Requirement
Once you reach the line containing "更新BitShares 节点版本至2.0.180328" in the data below, restate each line word for word up to and including the one containing "Refundacja podatku VAT".

Records for the exercise

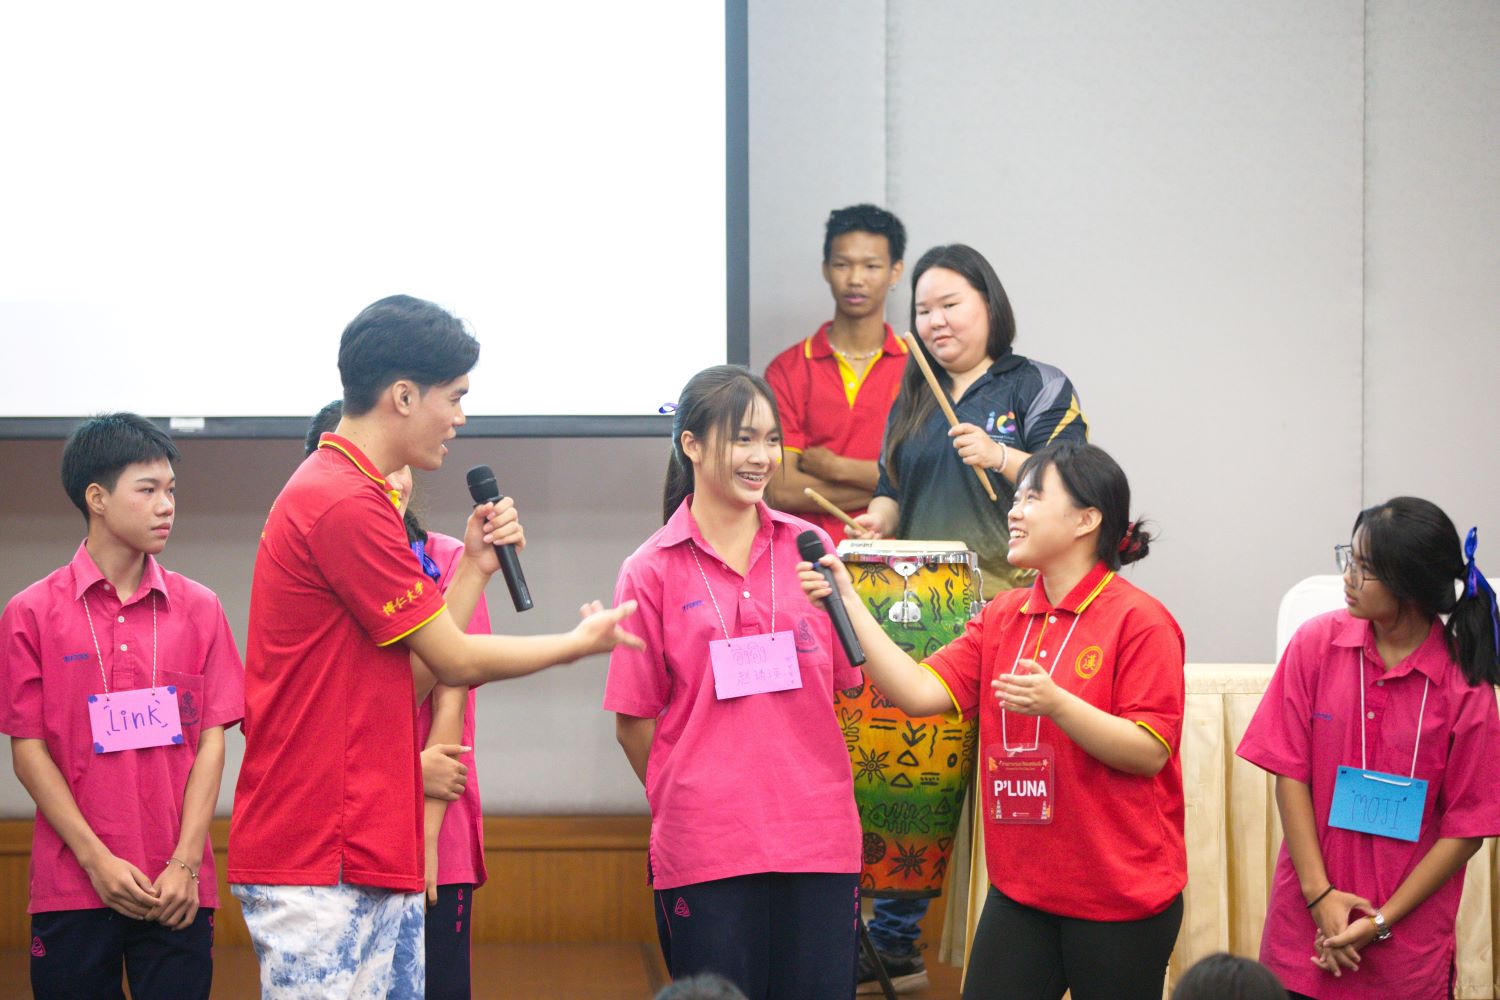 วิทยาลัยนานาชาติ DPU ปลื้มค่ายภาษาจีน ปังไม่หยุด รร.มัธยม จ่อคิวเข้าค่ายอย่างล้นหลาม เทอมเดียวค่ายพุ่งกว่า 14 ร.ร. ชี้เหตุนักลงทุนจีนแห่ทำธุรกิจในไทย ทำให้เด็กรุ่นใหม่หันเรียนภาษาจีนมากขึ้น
* * *
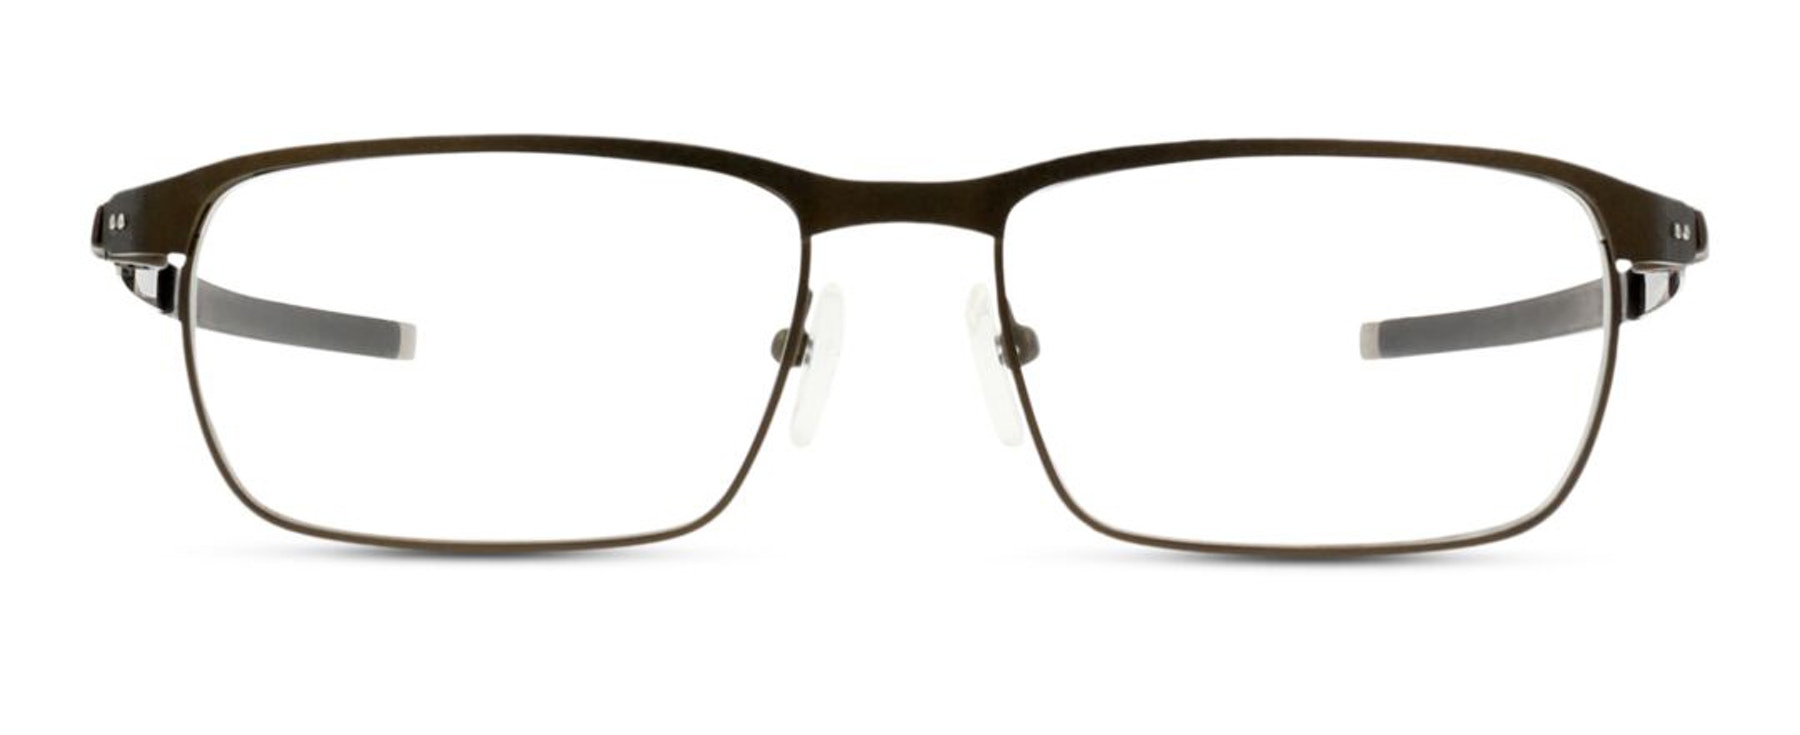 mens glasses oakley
* * *
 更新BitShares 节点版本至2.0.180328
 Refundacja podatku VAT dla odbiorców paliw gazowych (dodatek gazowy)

Answer space
 更新BitShares 节点版本至2.0.180328
 Refundacja podatku VAT dla odbiorców paliw gazowych (dodatek gazowy)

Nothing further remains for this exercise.